- **Supplied information**:
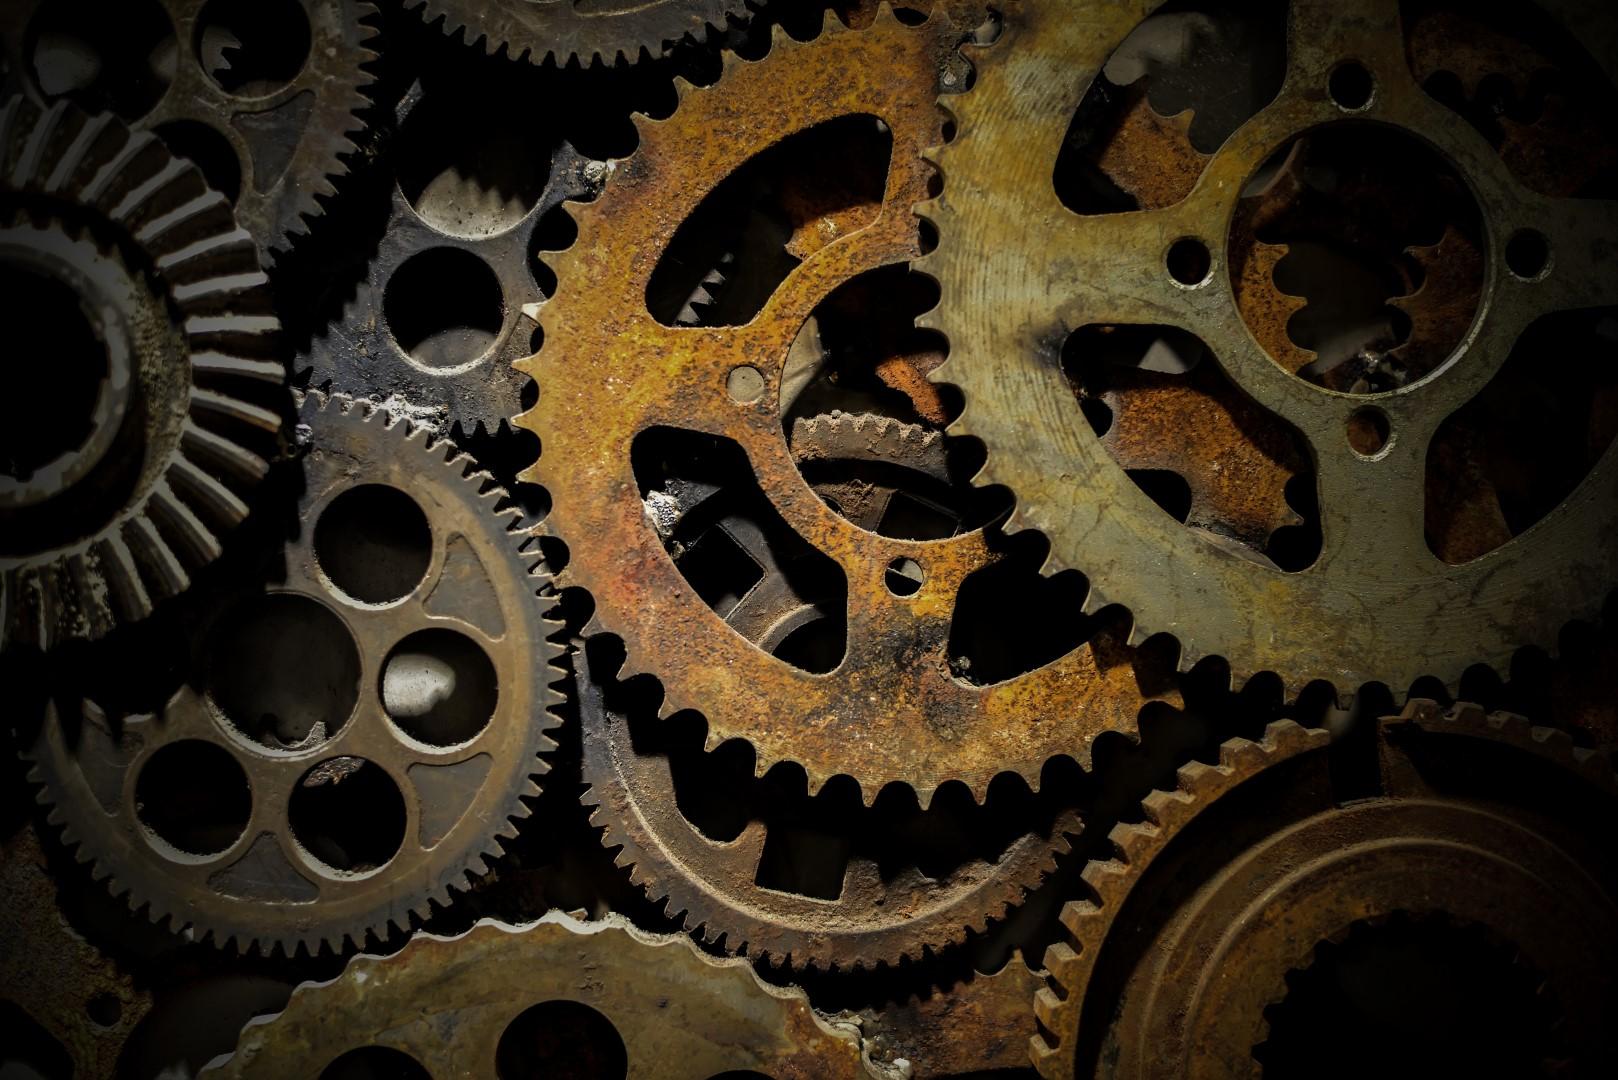 Çanakkale Makine Kırılması Sigortası, Makine Kırılması Sigortası, Aybek Sigorta
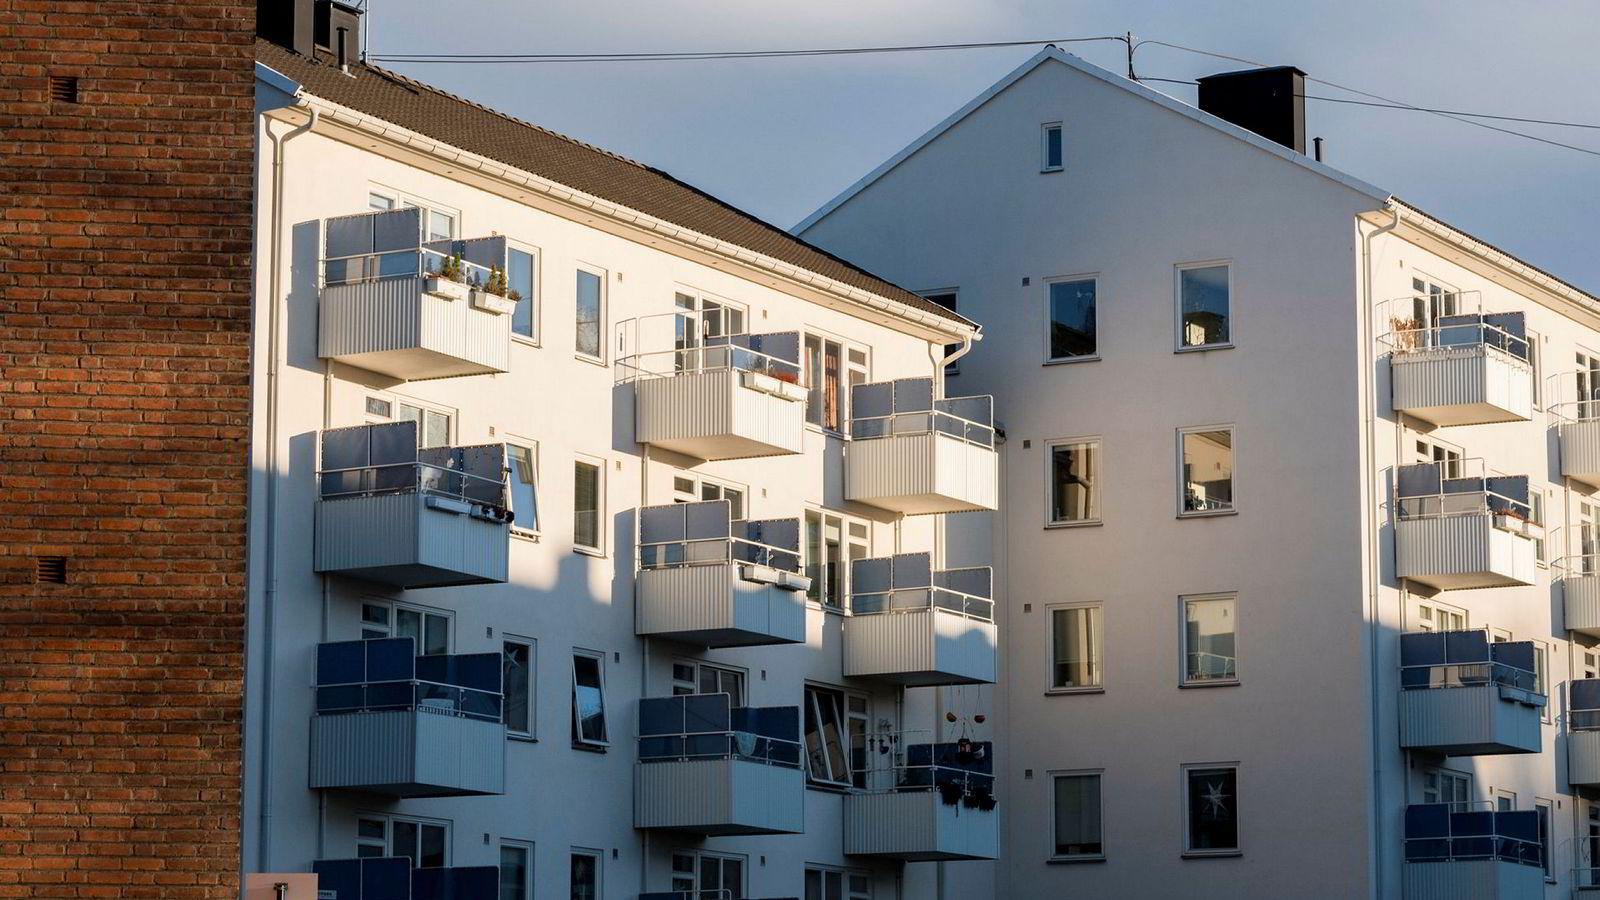 Kronikkforfatteren mener at eiendomsskatt bør forbli kommunal, fordi den er med på å sikre kommunene en viss grad av direkte innflytelse på egne inntekter.
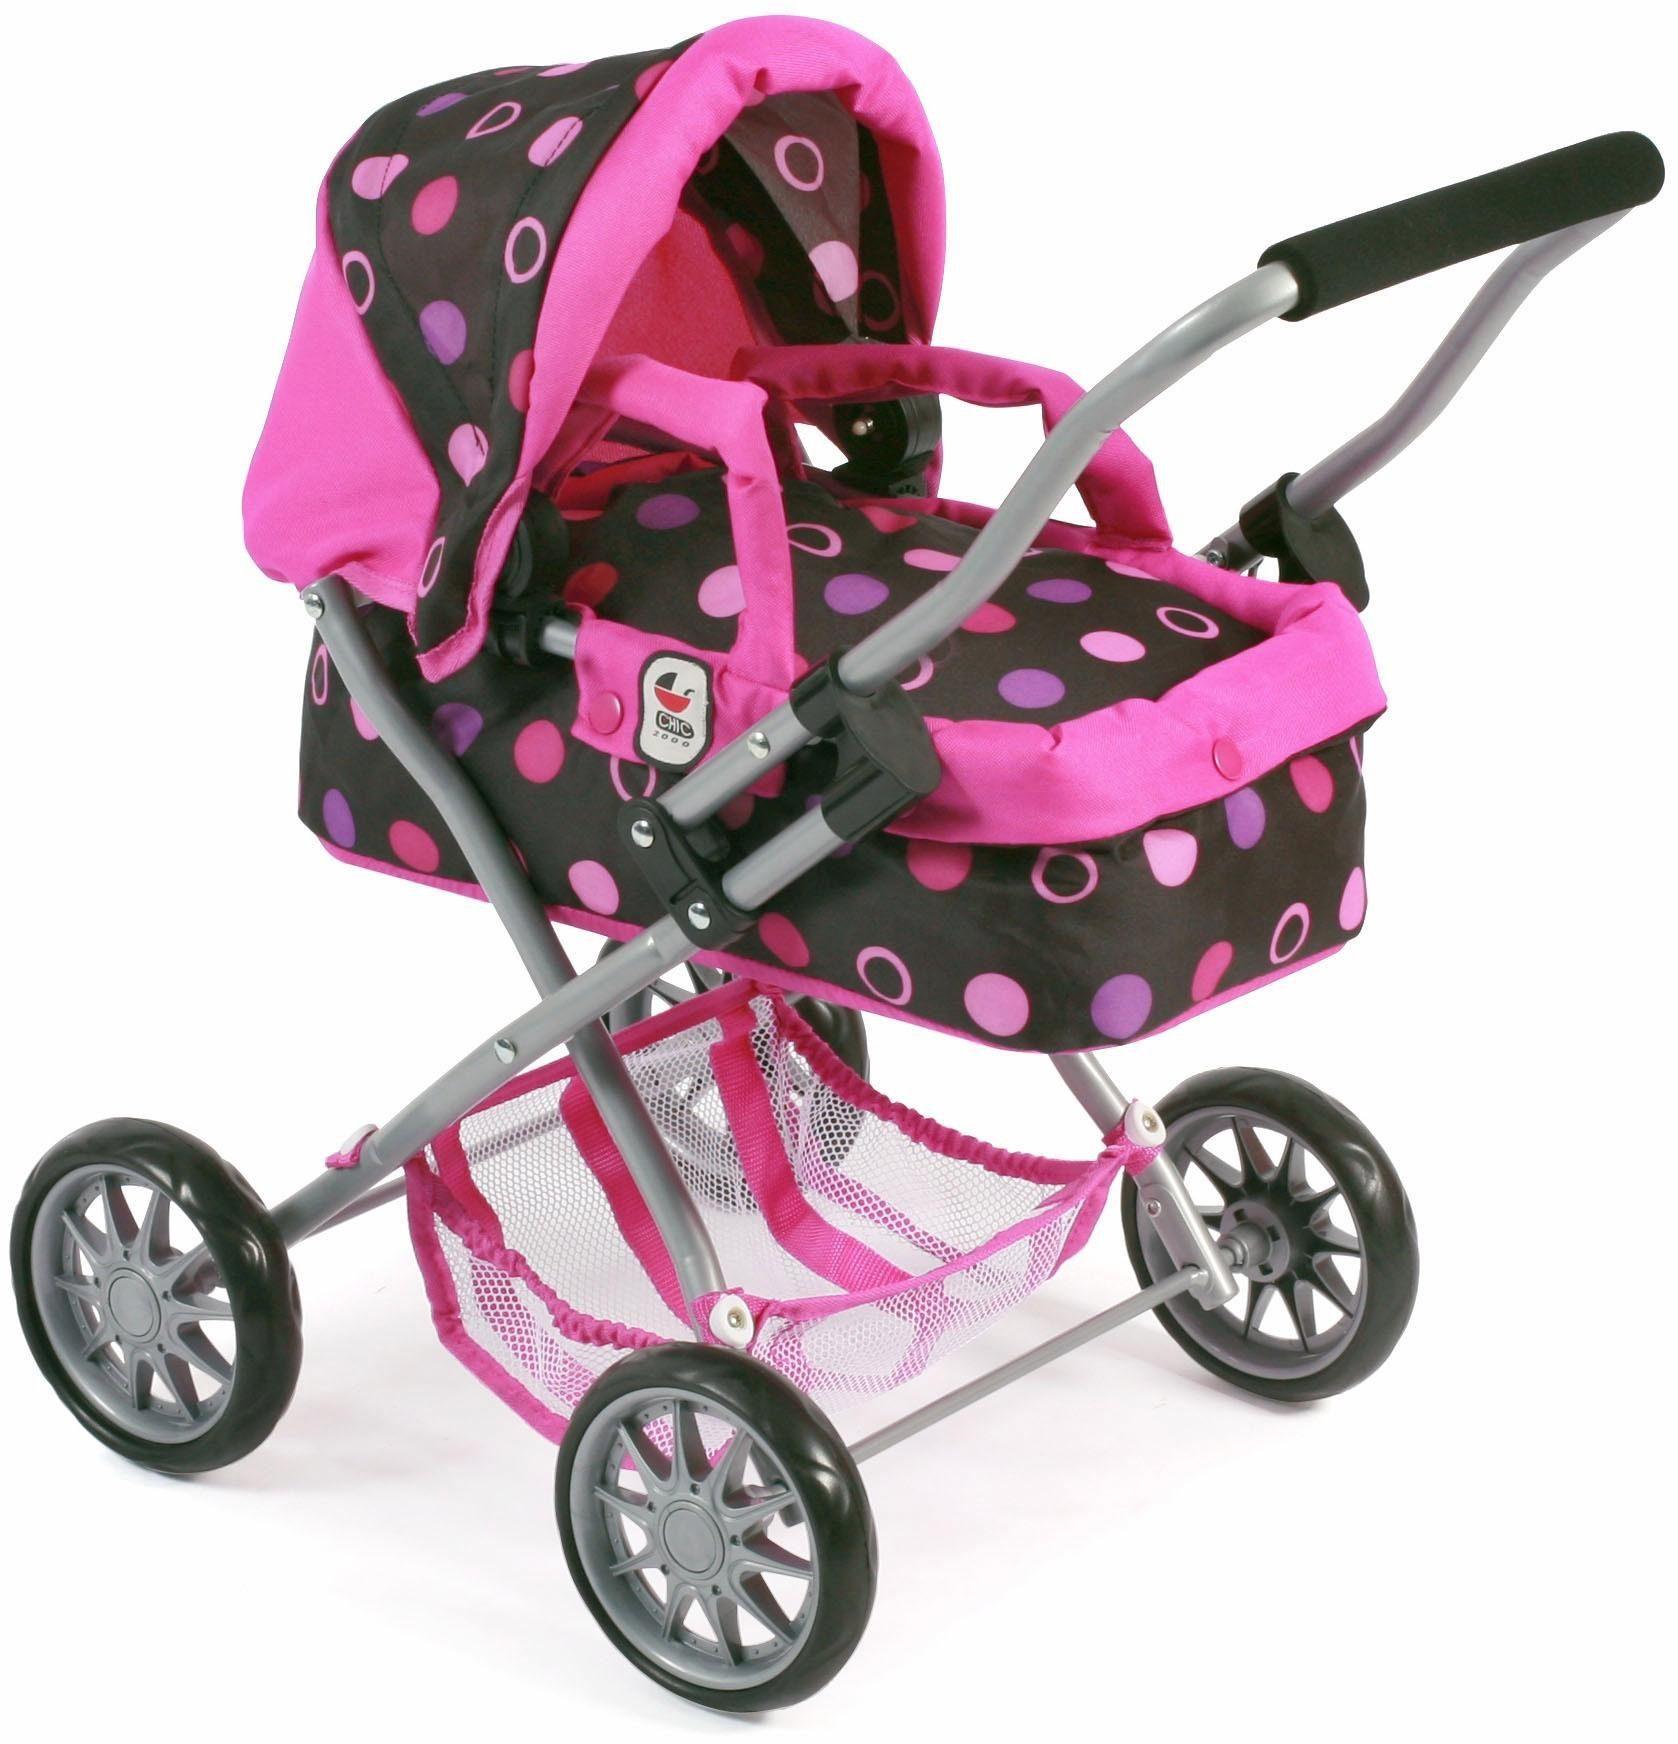 CHIC2000 Mini Puppenwagen mit herausnehmbarer Tragetasche, »Smarty, schwarz pink«

- **Exercise goal**:
Leave the pictures out and retype only the lines from the line with "Kronikkforfatteren mener at" through the final line of the material, both ends included, word for word.

- **Response area**:
 Kronikkforfatteren mener at eiendomsskatt bør forbli kommunal, fordi den er med på å sikre kommunene en viss grad av direkte innflytelse på egne inntekter.
 CHIC2000 Mini Puppenwagen mit herausnehmbarer Tragetasche, »Smarty, schwarz pink«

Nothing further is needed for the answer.